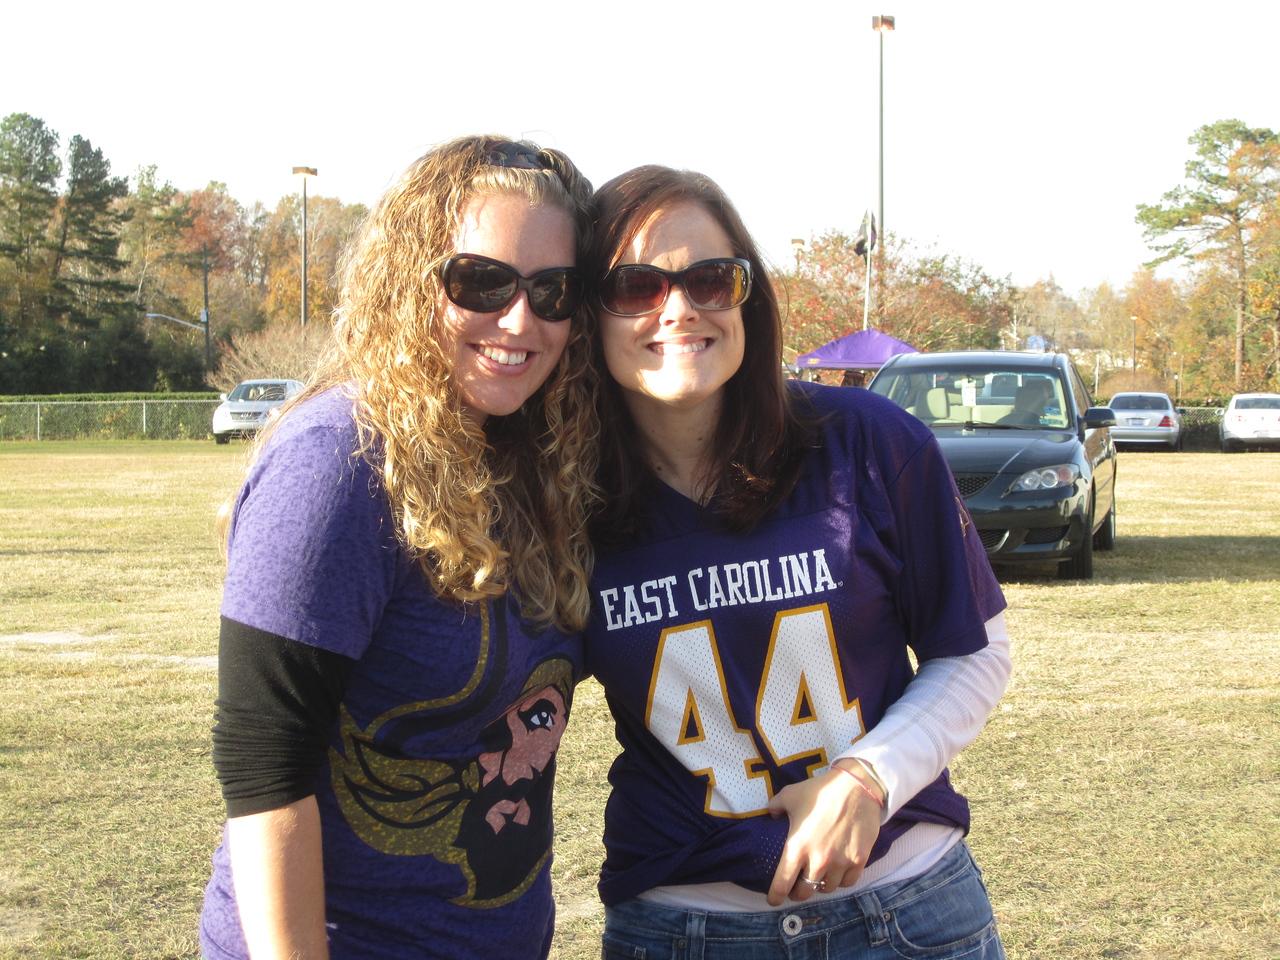 11/19/2011 ECU vs University of Central Florida - Lauren, Missy
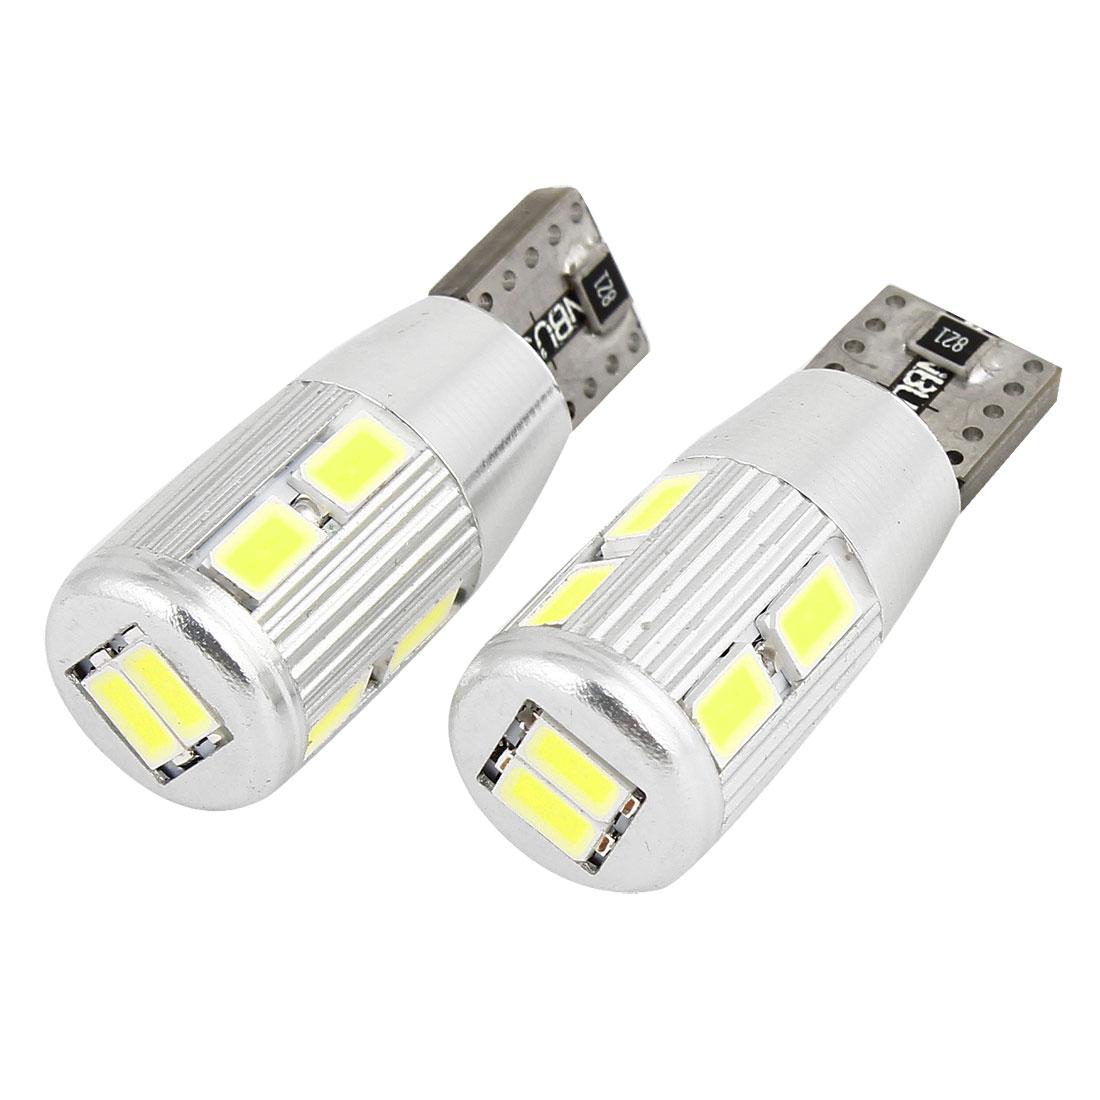 2 Pcs Car T10 147 White 5630 SMD 10 LED Wedge Light Canbus Signal Turn Lamp Bulb internal
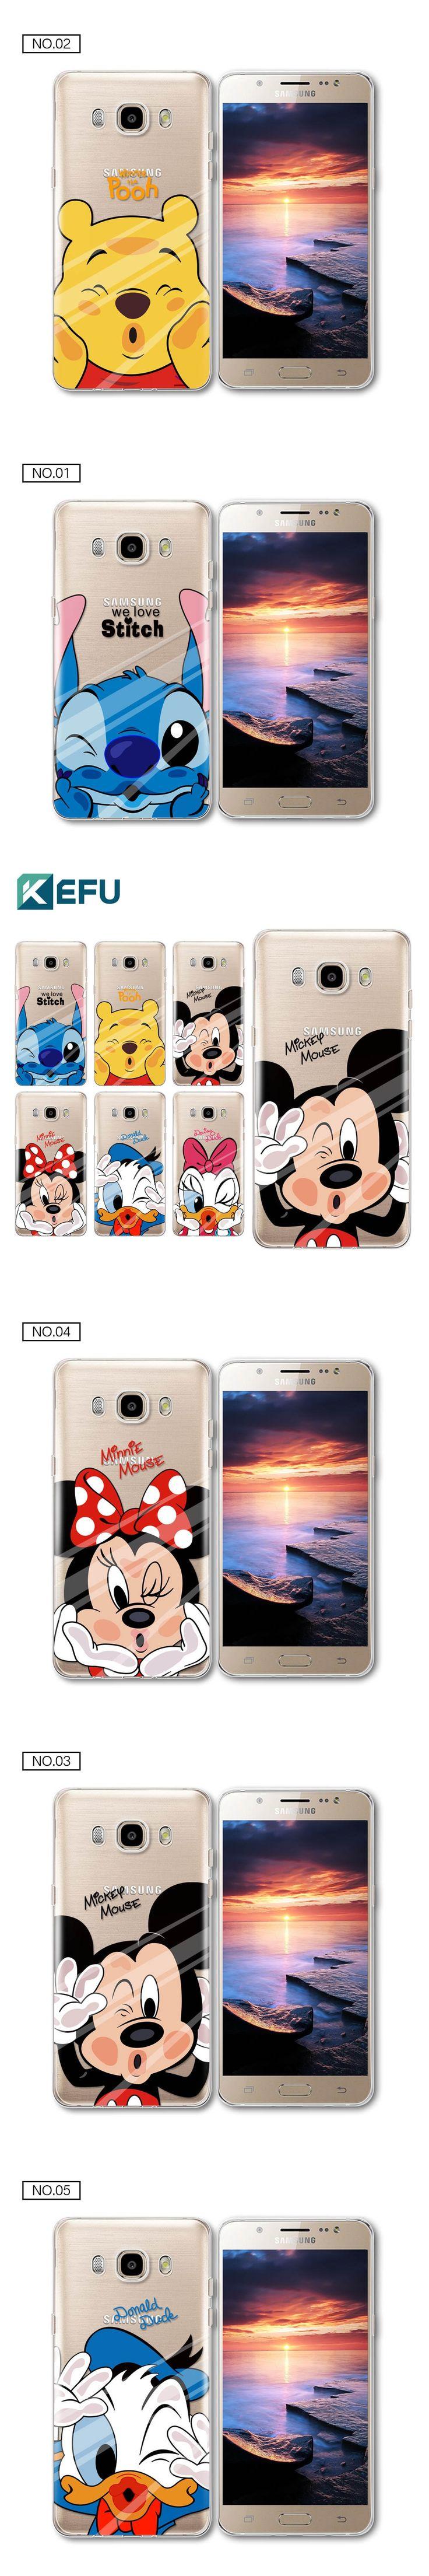 For fundas Samsung Galaxy J5 Kiss hard PC cover for coque Samsung Galaxy A5 2016 for Samsung Galaxy S7 Edge J1 J5 J7 A3 A5 S7

**PROBLEM REQUIREMENTS:**
Send back the listing exactly as it stands. Do not include the pictures.

**SOLUTION FOR THIS EXERCISE:**
 11/19/2011 ECU vs University of Central Florida - Lauren, Missy
 2 Pcs Car T10 147 White 5630 SMD 10 LED Wedge Light Canbus Signal Turn Lamp Bulb internal
 For fundas Samsung Galaxy J5 Kiss hard PC cover for coque Samsung Galaxy A5 2016 for Samsung Galaxy S7 Edge J1 J5 J7 A3 A5 S7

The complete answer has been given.